As far as cats goes, I have no idea how it effects them, but I'm sure a low dose is okay, as it is in humans. Maybe some others here have a better answer as it pertains to cats. Good luck.


----------



## emma_pen (Nov 2, 2004)

My late cat was on Amitryptiline for the lasty year of his life, for urine problems. It did work for what it was prescribed, but I do not think it changed his personality much, it was such a low dose. I used it as a very last option, and would not use it lightly. It is an additctive drug, and can affect feline bodily organs such as the liver.
I personally do not think your current cat would benefit. He's still extremely young and frightened, it would probably stress him out more to actually medicate him. My advice would simply be to persevere with socialisation and handling.

Ems x


----------



## Misery (Oct 18, 2004)

Amitriptyline isn't addictive at all. No antidepressant is. A few of the newer SSRIs are very strong and do produce a withdrawal syndrome, but that isn't the same as being addictive. You won't crave amitriptyline.


----------



## MurphysMommy (Jan 13, 2005)

Amitriptyline is very addictive.

There are two types of addiction. Psychological and Physiological. Amitriptypline is Physiologically addictive: "...characterized by tolerance and by well-defined physiological symptoms upon withdrawal." It is not psychologically addictive, in such that you "crave" it.


----------



## coaster (Dec 1, 2004)

I still don't understand why a so-called "happy cat" would need an anti-depressant.


----------



## emma_pen (Nov 2, 2004)

I guess when I described it as 'addictive', I meant that it has withdrawal symptoms.

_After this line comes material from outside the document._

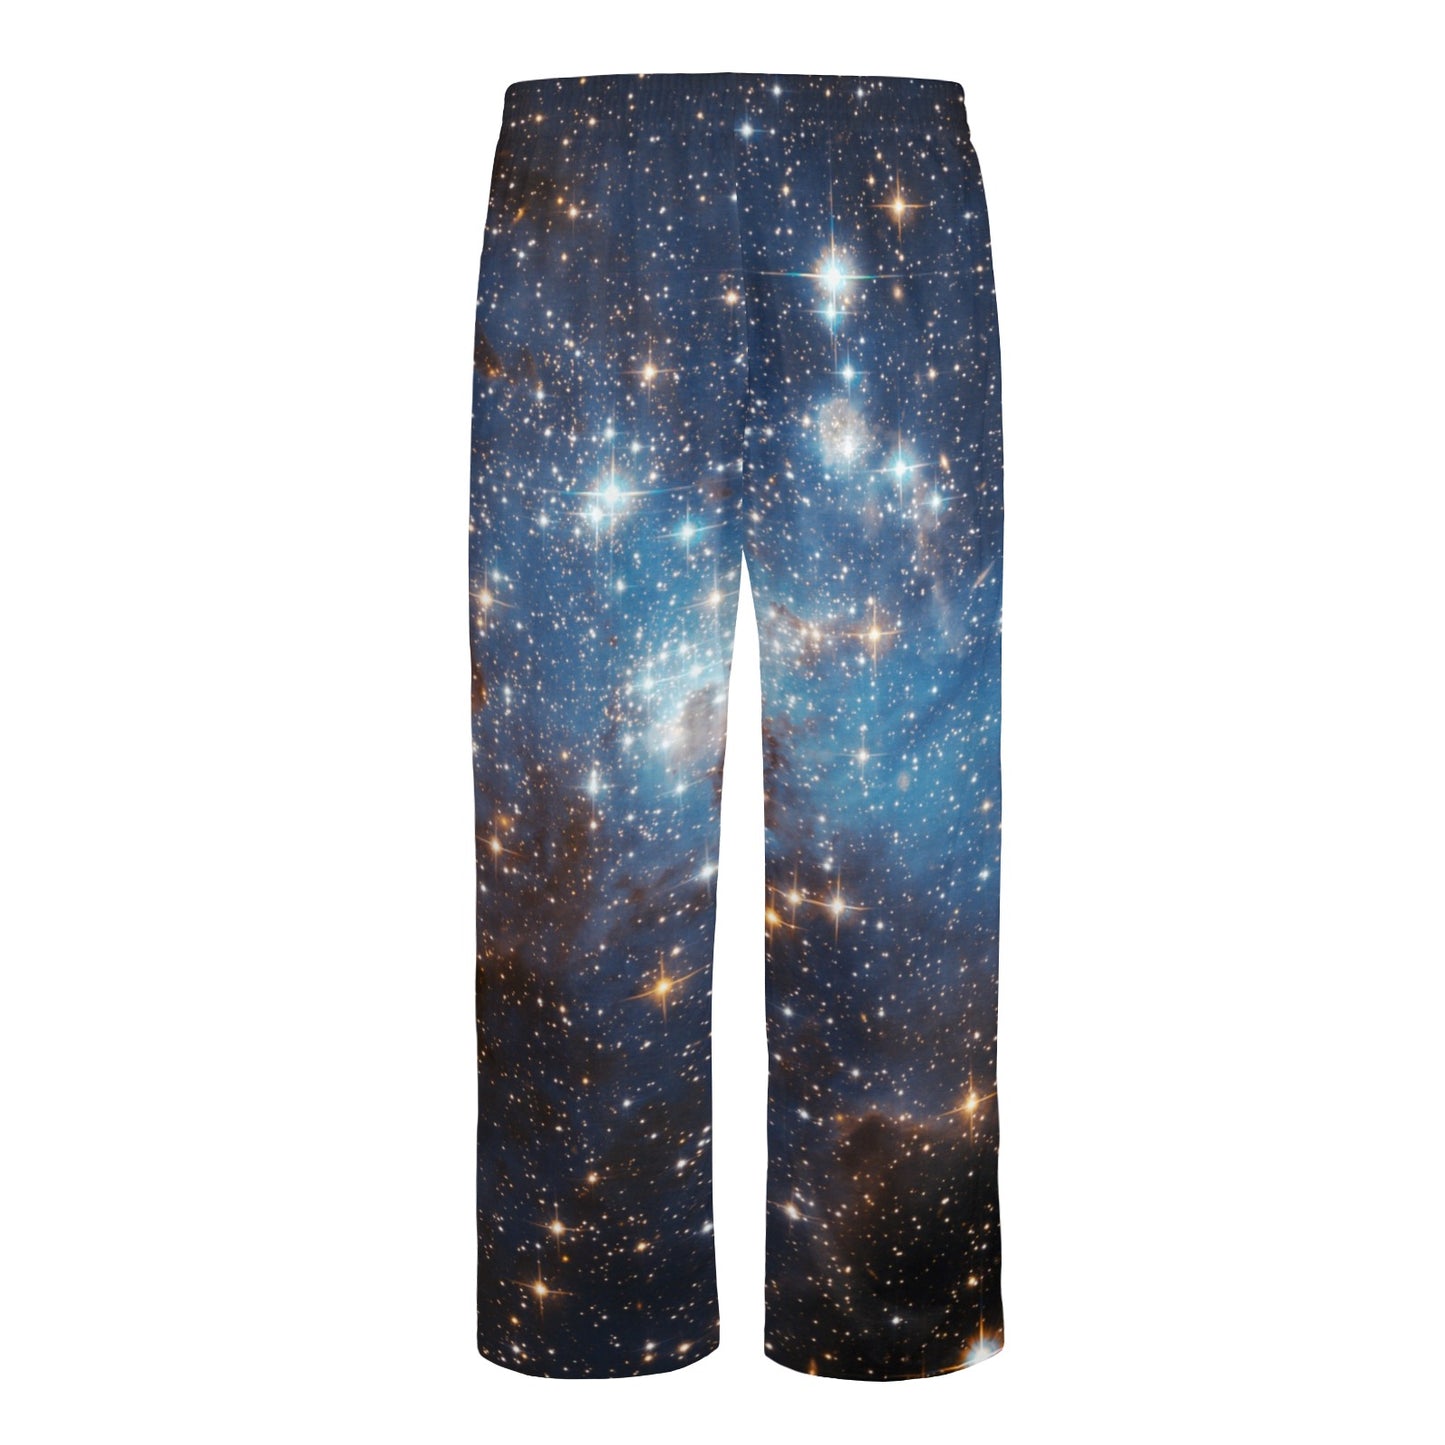 Galaxy Space Men Pajamas Pants, Universe Blue Satin PJ Pockets Sleep Lounge Trousers Couples Matching Trousers Bottoms

Tim, Bumper was a 'happy cat'. He never seemed anxious or upset. He had stress related urinary problems, and the Amitryptiline helped. He was always on a very low dose, 1/4 of a tablet daily. Like I said, it was a last resort, and it gave me one final very happy year with him


----------



## harley's mom (Nov 29, 2004)

we used Amitryptiline for our cat with aggression problems. It really helped a lot...but it didn't solve the problem. We ended up having to let kitty go live with my mom....no cats to fight with there!


----------



## Misery (Oct 18, 2004)

Here's why I say amitriptyline is not addictive, and don't think I'm being rude or anything, I just get picky about nomenclature that implies something negative about a drug that isn't true. Not all people or animals who take amitriptyline are going to go through withdrawal symptoms. I've taked a lot of antidepressants, even imipramine which is similar to amitriptyline, and I never had a withdrawal syndrome with any of them except Effexor. These medications are very useful for chronic pain, headaches prophylaxis and several mental disorders, so I don't want people to think if they're offered them in the future for a medical condition that they will get "addicted". It's simply not true.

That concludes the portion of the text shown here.